Not gonna claim to know what your problem is, but maybe I can spur some brain activity in one direction or the other.


Sounds like you already know the system pretty well. And I assume you have wire diagrams.

First, and maybe easiest, (but not entirely likely, power would have to short to the line) is an external short in the power line that can be culled out quickly and easily by disconnecting the line at the evap switch (obviously, if it still comes on with the line cut at the evap switch, the issue is in the engine compartment). You can drive with it like this (make sure the power line cant short to the fuselage) but no defrost will be available of course.

Certainly there are a couple of things that could be happening, but in the end, power has to be delivered (as you already mentioned) through the evap and psi switches, and it always comes through the relay (except for a short to power in the signal circuit). Both of the first two are fairly simple devices, and easy to bypass / disable.

Anyway, Second, I think I'd try to pull the side panel on the center console, locate the 4 pin AC push button and unplug it (from the back of the panel, not the inline 4 pin connector). Not always the problem, but a fairly easy way to be sure the spring / contacts in the push button aren't sacked and engaging the relay through vibration. It won't hurt to drive around with it unplugged. (when it happens does the light in the AC button come on?) Disconnecting it at the back of the panel would eliminate the switch, since it's a random failure.
As I think of it though, this may require pulling the front trim piece and pulling the two screws and sliding the AC button panel out. I got to mine from the drivers side with curved hemostats, but plugging it back in is stupid without panel removal!

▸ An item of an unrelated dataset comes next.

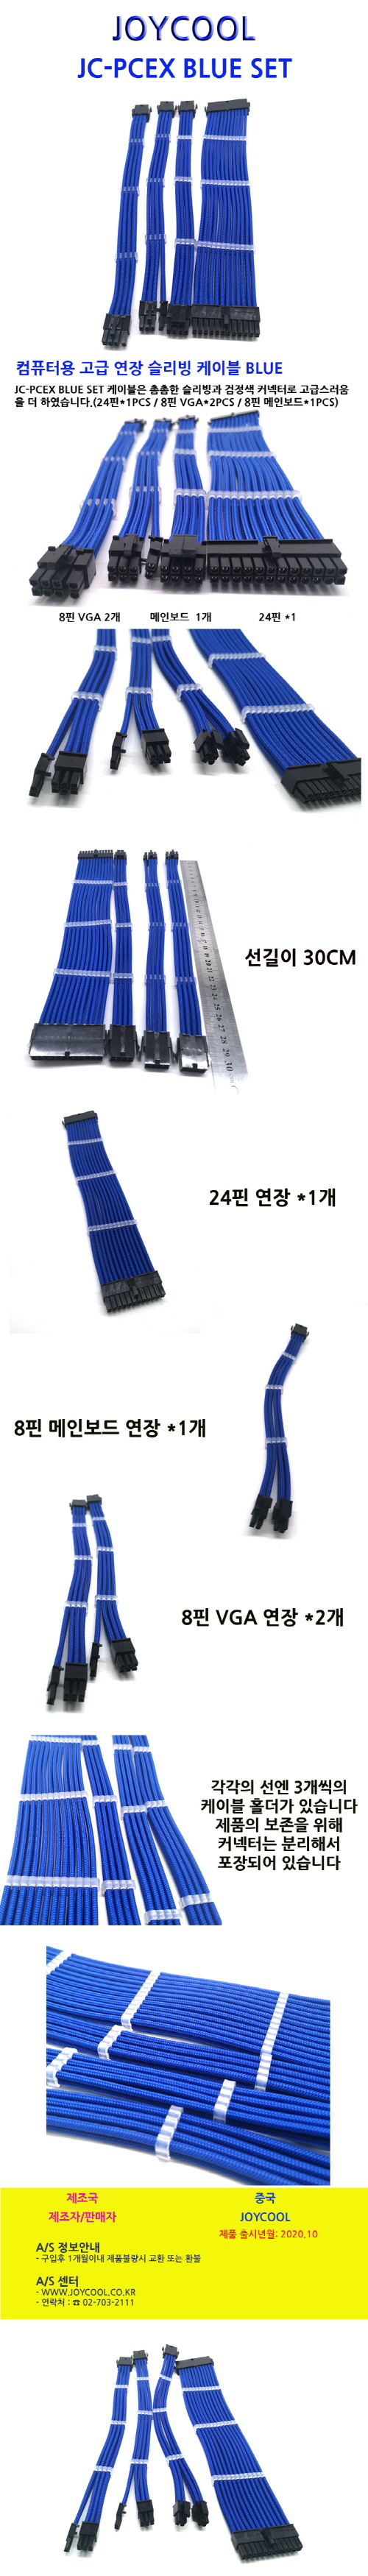 조이쿨 컴퓨터용 고급 연장 슬리빙 케이블 BLUE (JC-PCEX BLUE SET, 0.3m)
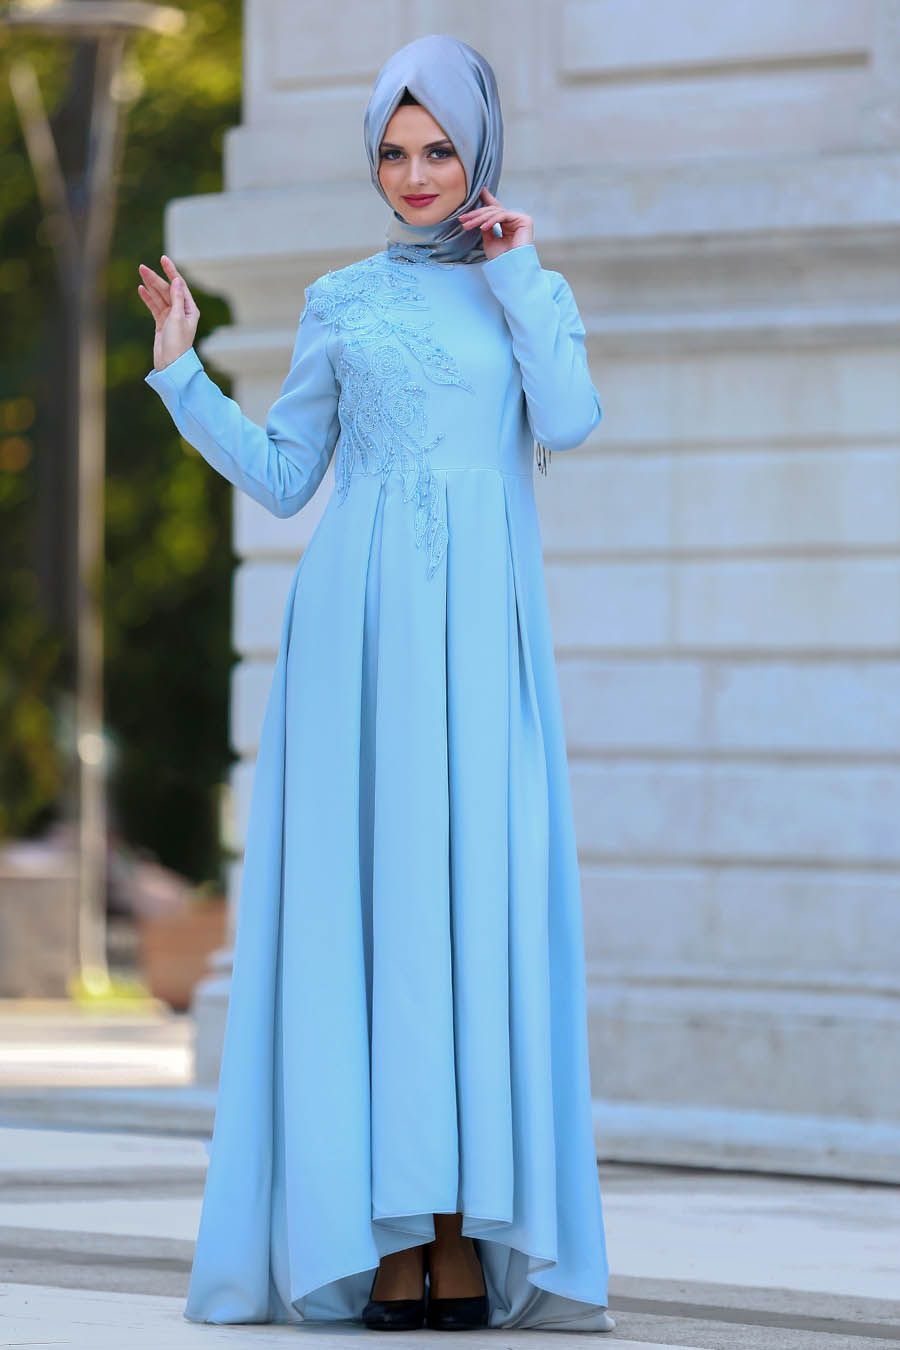 5c0c6b85a4c14 2018 Yeni Sezon Abiye Koleksiyonu - Neva Style - Pileli Bebek Mavisi  Tesettür Abiye Elbise 3520BM

EDIT: Not sure, but I don't think the setting motor can call for the AC to actually come on. I think it just moves to the full cold flap position when the MAX AC button is hit by the slider. The max AC switch is inside the control head and once again, would be a little more difficult to shoot. But a head swap out could help ...but may disguise something else. Again, not sure the max AC switch can actually call the compressor to be on. The defrost switch can, but would call the fan to, that may be a clue for ya.

A failing (or randomly shorted through vibration) defrost or max AC switch may be difficult to shoot without pulling the HVAC control head, and of course a spare head to swap out would be nice, but swapping it wouldn't eliminate the defrost or max AC switch from the relay. (swapping in a spare may fix it but it could be a few things in there)

The defrost and max AC switches can be easily tested to verify continuity with a DVM, but finding a random short in them may be more difficult. I'll set it on the bench, hook up the DVM and tap the switch with a small plastic screwdriver to see if the DVM shows an open or short through vibration. Sometimes heat or cold need to be applied to a component to induce the random failure. Same with a diode. The only thing here is that the defrost switch is a simple switch and if the fan isn't coming on to the high position when the AC compressor comes on, then this may not be your issue, since the switch doesn't control the fan and the AC separately.
Does it call for the defrost fan and the AC compressor when commanded? Or is that intermittent too?



Jeesh, I talk too much. What I meant to say is

Try to eliminate a short in the engine bay just in case but it's easy, and a short in the push button second but a little more difficult, then control head (defrost switch (maybe but check for fan on high) max AC switch (not sure how it could), relay (probably), or something weird...shorted diode etc.)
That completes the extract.